I stayed at Breaks Interstate park in a cabin back in the mid 90's. I remember it being a great place, but the roads were terrible. The drive up to the park were on some gravel/dirt/old mountain roads that I would be concerned about towing a trailer on. That was a long time ago, so the path may have changed since then.


----------



## jidunl (Aug 5, 2006)

Hey - Sounds Interesting. Keep us informed.


----------



## prevish gang (Mar 19, 2006)

Todd, 
If camping on the weekend of Oct 13-15 is a possibility for you they are having their Halloween weekend at the Holiday Trav-L part in Va Beach. I know that is a haul for you, but maybe you could make it a business trip for at least part of it








Darlene


----------



## daves700 (Jun 12, 2006)

Sounds interesting.... I will keep checking on this thread!


----------



## HootBob (Apr 26, 2004)

I would love to hook up with you and Lois again
But I don't think Peg will let me plan another trip this year
Sorry Buddy

Don


----------



## jidunl (Aug 5, 2006)

Let's pick a date and place. We are available any weekend in October. Roanokecampers mentioned the weekend of Oct 21. I have heard that Douthat is a great place. Any takers? We would look forward to meeting other outbackers in the area.


----------



## wingnut (Mar 21, 2005)

Sounds good to us, we will need to call soon to make reservations. PM us and let us know.


----------



## roanokecampers (Jul 31, 2006)

Sounds good to us as well as long as we do not go too far from Roanoke, 2hrs max because I will have to come back into town on Saturday to take my daughter to a soccer game. I checked online for Douthat and they looked booked but I did not call. Lakeridge in Hillsville is always fun for kids. They are having a Halloween weekend that weekend. However, I am up for trying something new. Keep us posted.

Roanoke Campers


----------



## roanokecampers (Jul 31, 2006)

Just got this back from Lakeridge if you are interested. Just a thought

Hi Kate,
Thank you for contacting Lake Ridge RV Resort.

Availability at this time for 10/20/06-10/22/06 for sites in the wooded area on the lower circle follows.

VIP (full hookup, 30 amp, concrete patio) $39.00 per night up to 4 people.
01, 02, 03, 04, 05, 07, 08

W/E (Water & Electric, NO SEWER, 30 amp) $33.00 per night up to 4 people.
20, 24, 25, 29, 30, 32, 33, 34, 35, 37

You can check the location of these sites by going to our web site www.lakeridgerv.com and clicking on the site map.

Give us a call when you are ready to book your reservations 276-766-3703.


----------



## STRABO (Jun 12, 2006)

Hi -

We would also like to attend the Ferrum Folklife Festival on the college campus. Anyone been to a decent campground near there?

Anyone been to Camper's Paradise in Moneta? It's a small marina/campground on Smith Mt. Lake. We have reservations because its close to a place we will be visiting, and I wonder if its ok.

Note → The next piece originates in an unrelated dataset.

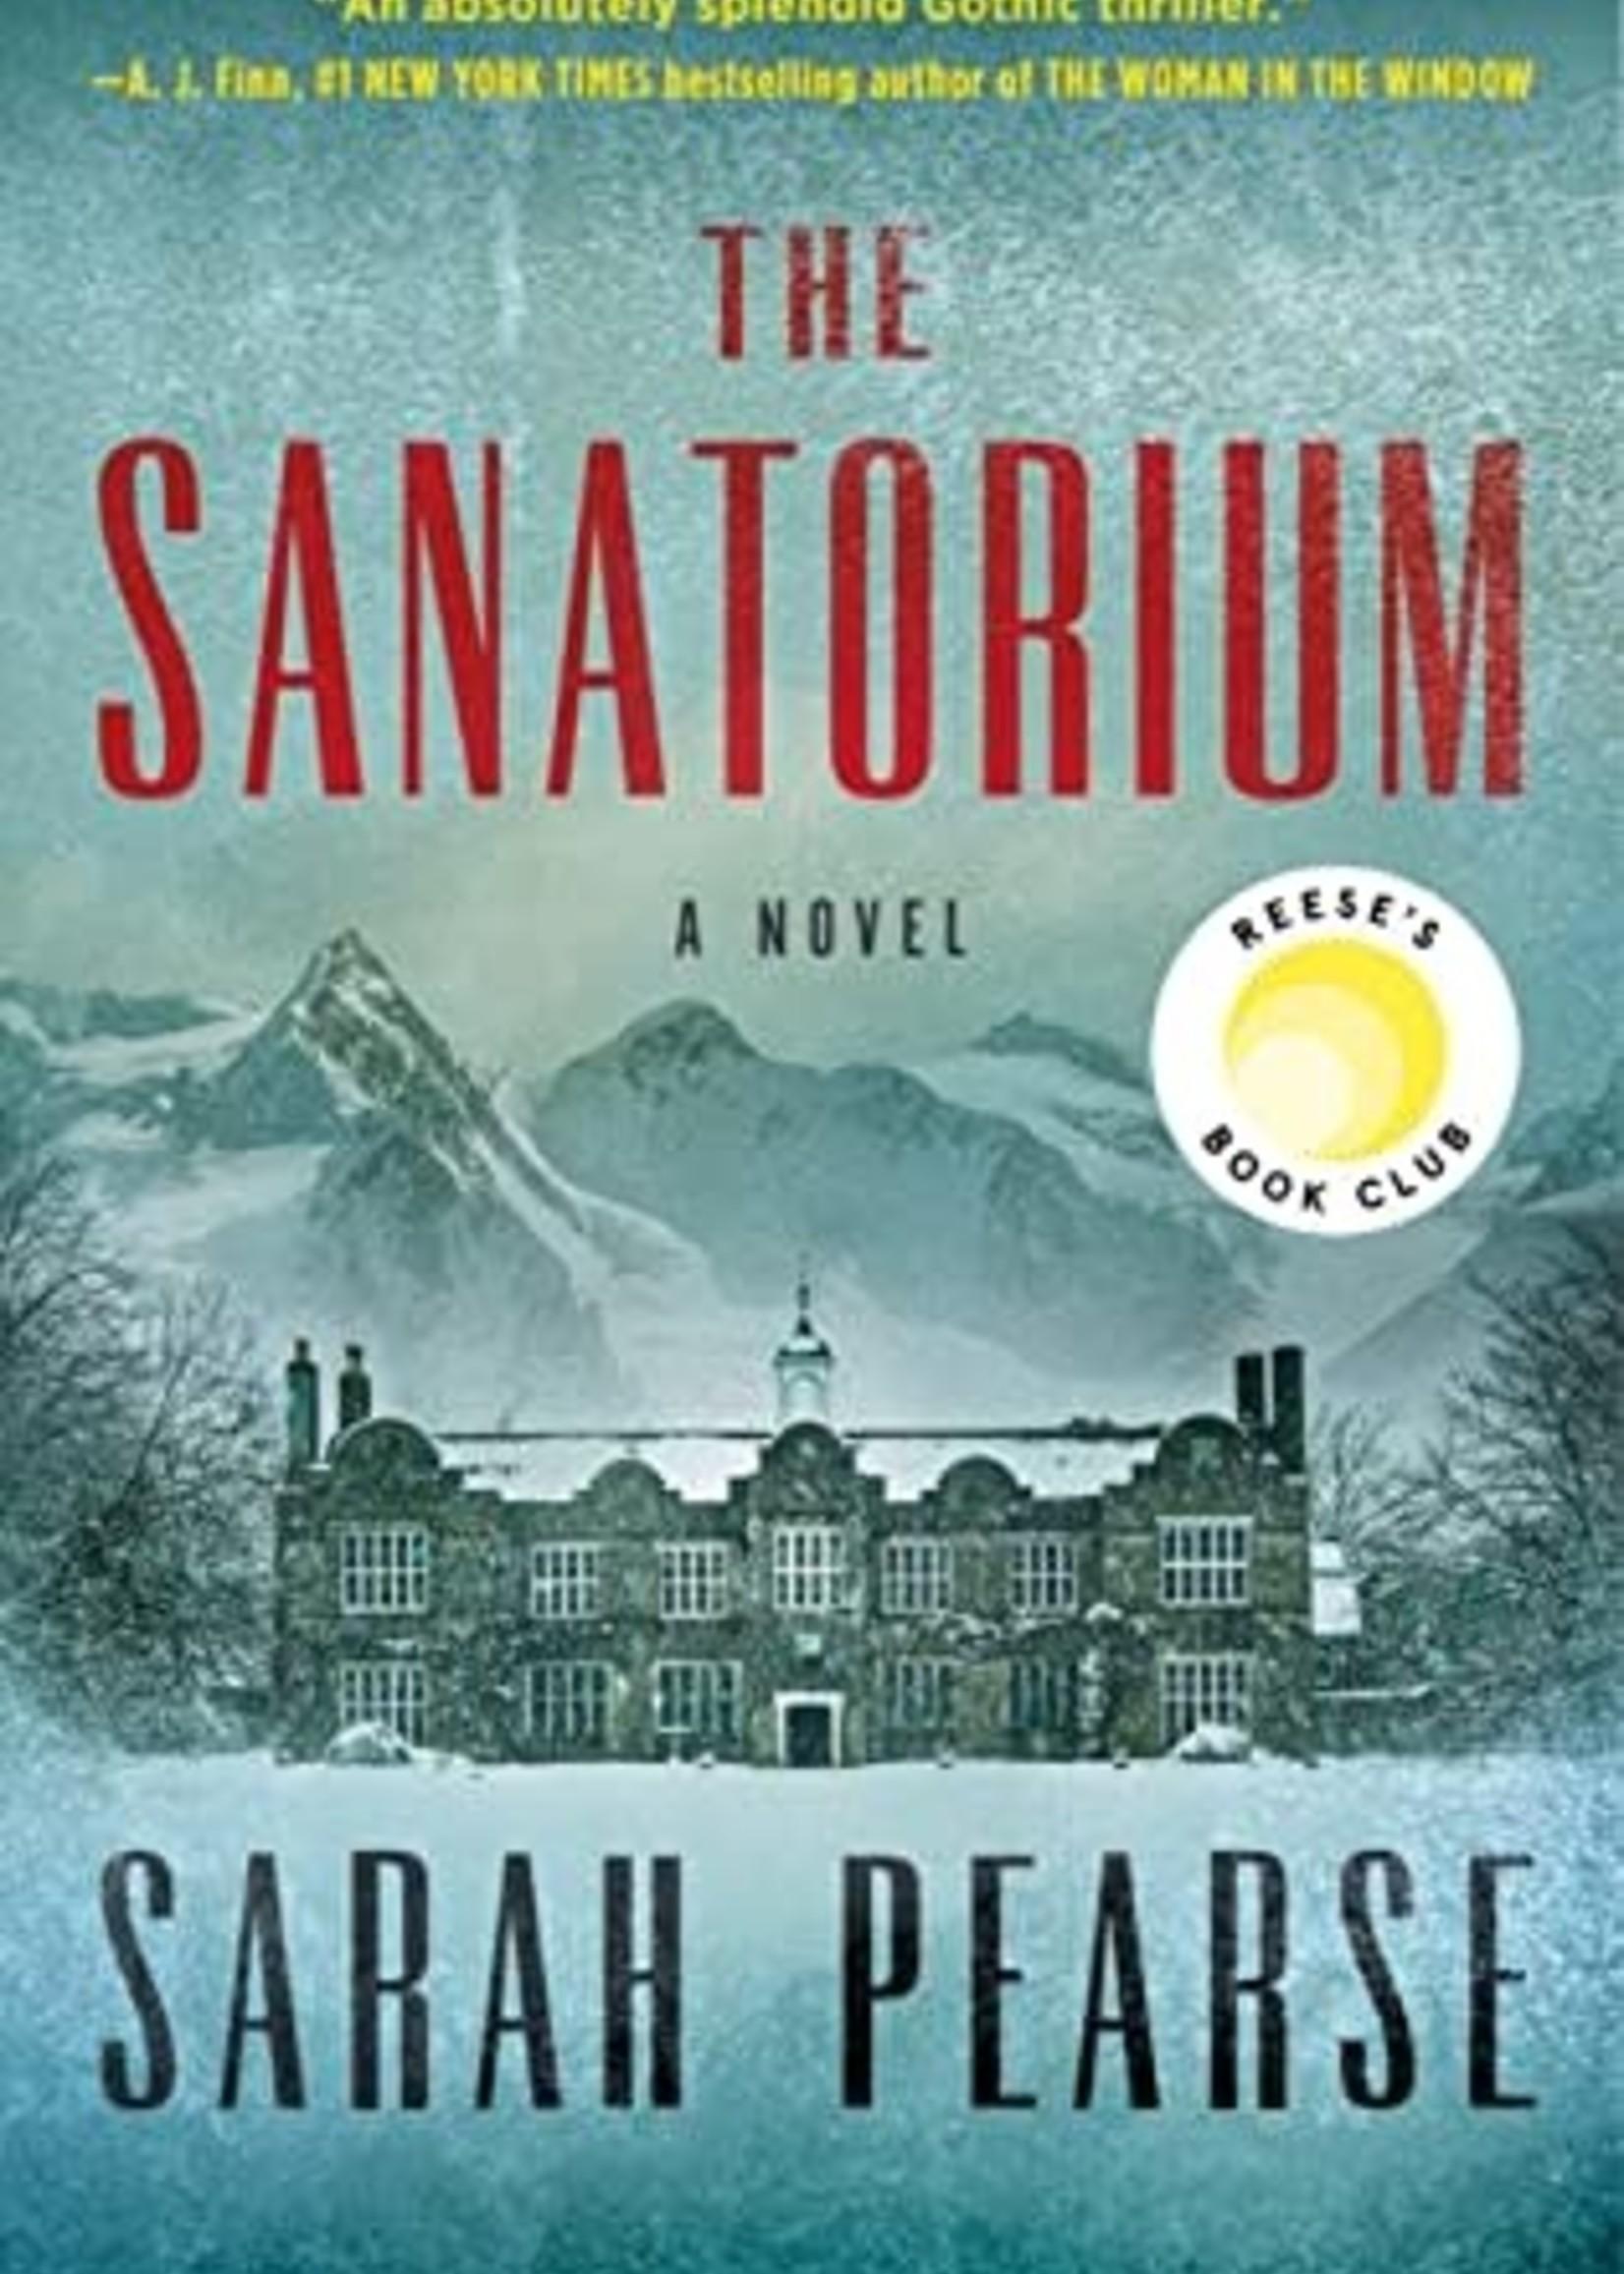 The Sanatorium (Detective Elin Warner #1) by Sarah Pearse
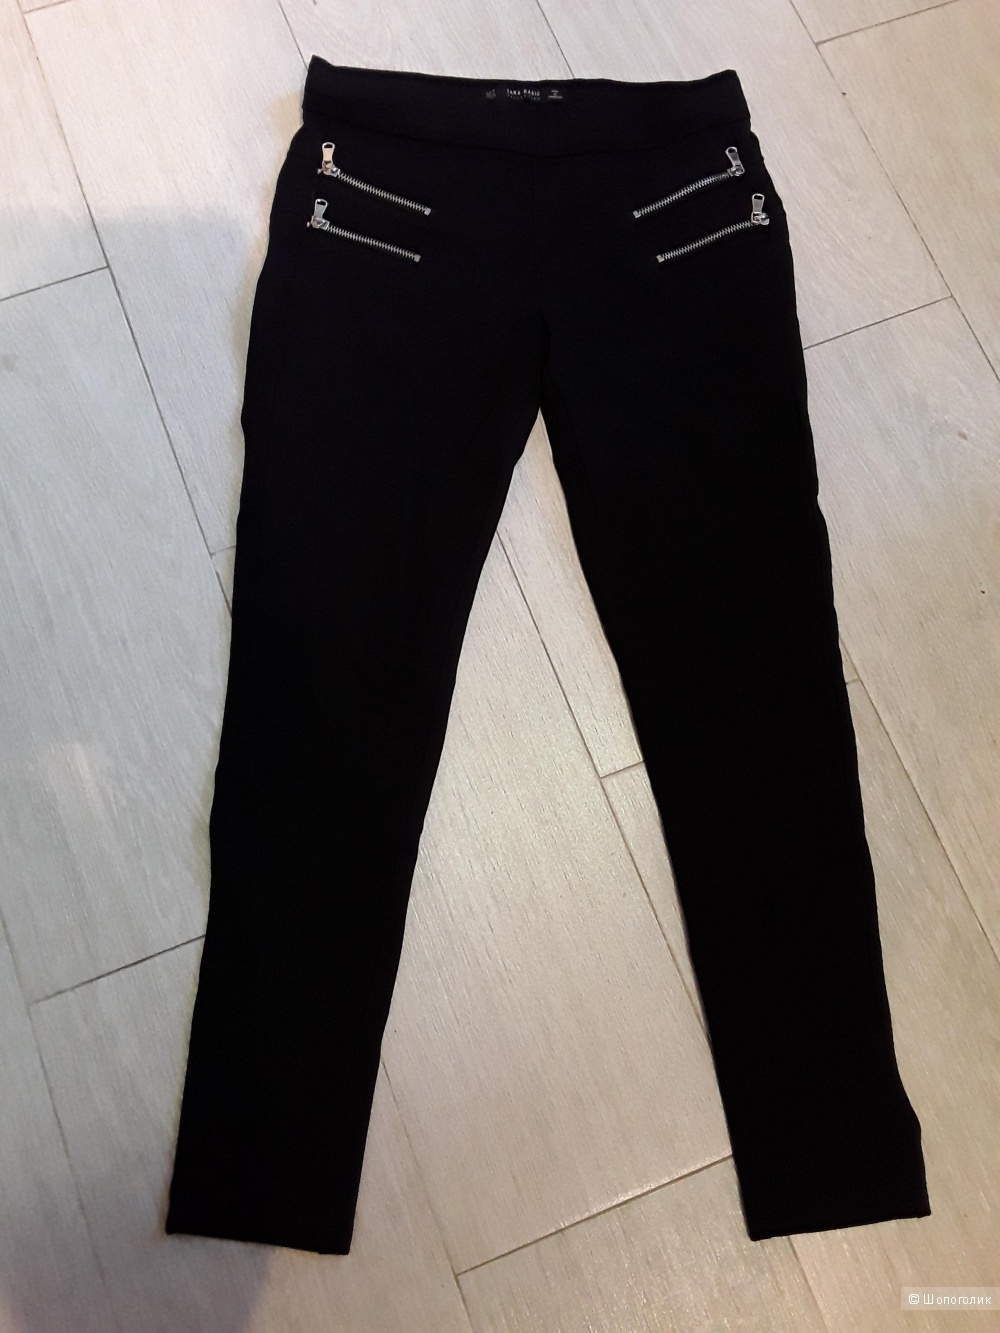 Леггинсы Zara размер M

BTW - We stayed at Douthat in a cabin a couple of years ago during the fall. Really peaceful place.

Thanks


----------



## wingnut (Mar 21, 2005)

Closest cmpground to Ferrum is Salthouse on Philpot lake. Need to call though it gets booked. It is 15 miles away. right on the lake. Good fishing too. We hope to be there this year as well. What about Lake Robertson the weekend of the 21st It is about the same distance as Douthat it is close to Lexington Va. 23.00 a night water and electric.


----------



## jidunl (Aug 5, 2006)

We have not been to either Lake Ridge or Lake Robertson. Is Lake Robertson closer for roanokecampers? Either campground will work for us.


----------



## roanokecampers (Jul 31, 2006)

Lake Robertson is closer. Our soccer game is in Goodview. I grew up in Rockbridge County and never went to Lake Robertson. I know nothing about it. Our children are 12, 13 and 14. I am just trying to convince them that it is okay and it can be fun if there is not a lot to do. It takes us over an hour and half to get to Hillsville. jidunl do you have older or younger children? We love trying new things so we are flexible.


----------



## jidunl (Aug 5, 2006)

We have older kids; girl 11, boy 13, girl 14, and boy 15. There might be some other options on the eastern side of Roanoke if we are looking for more activities. Both these campgrounds have pretty good ratings on rvparkreviews.com.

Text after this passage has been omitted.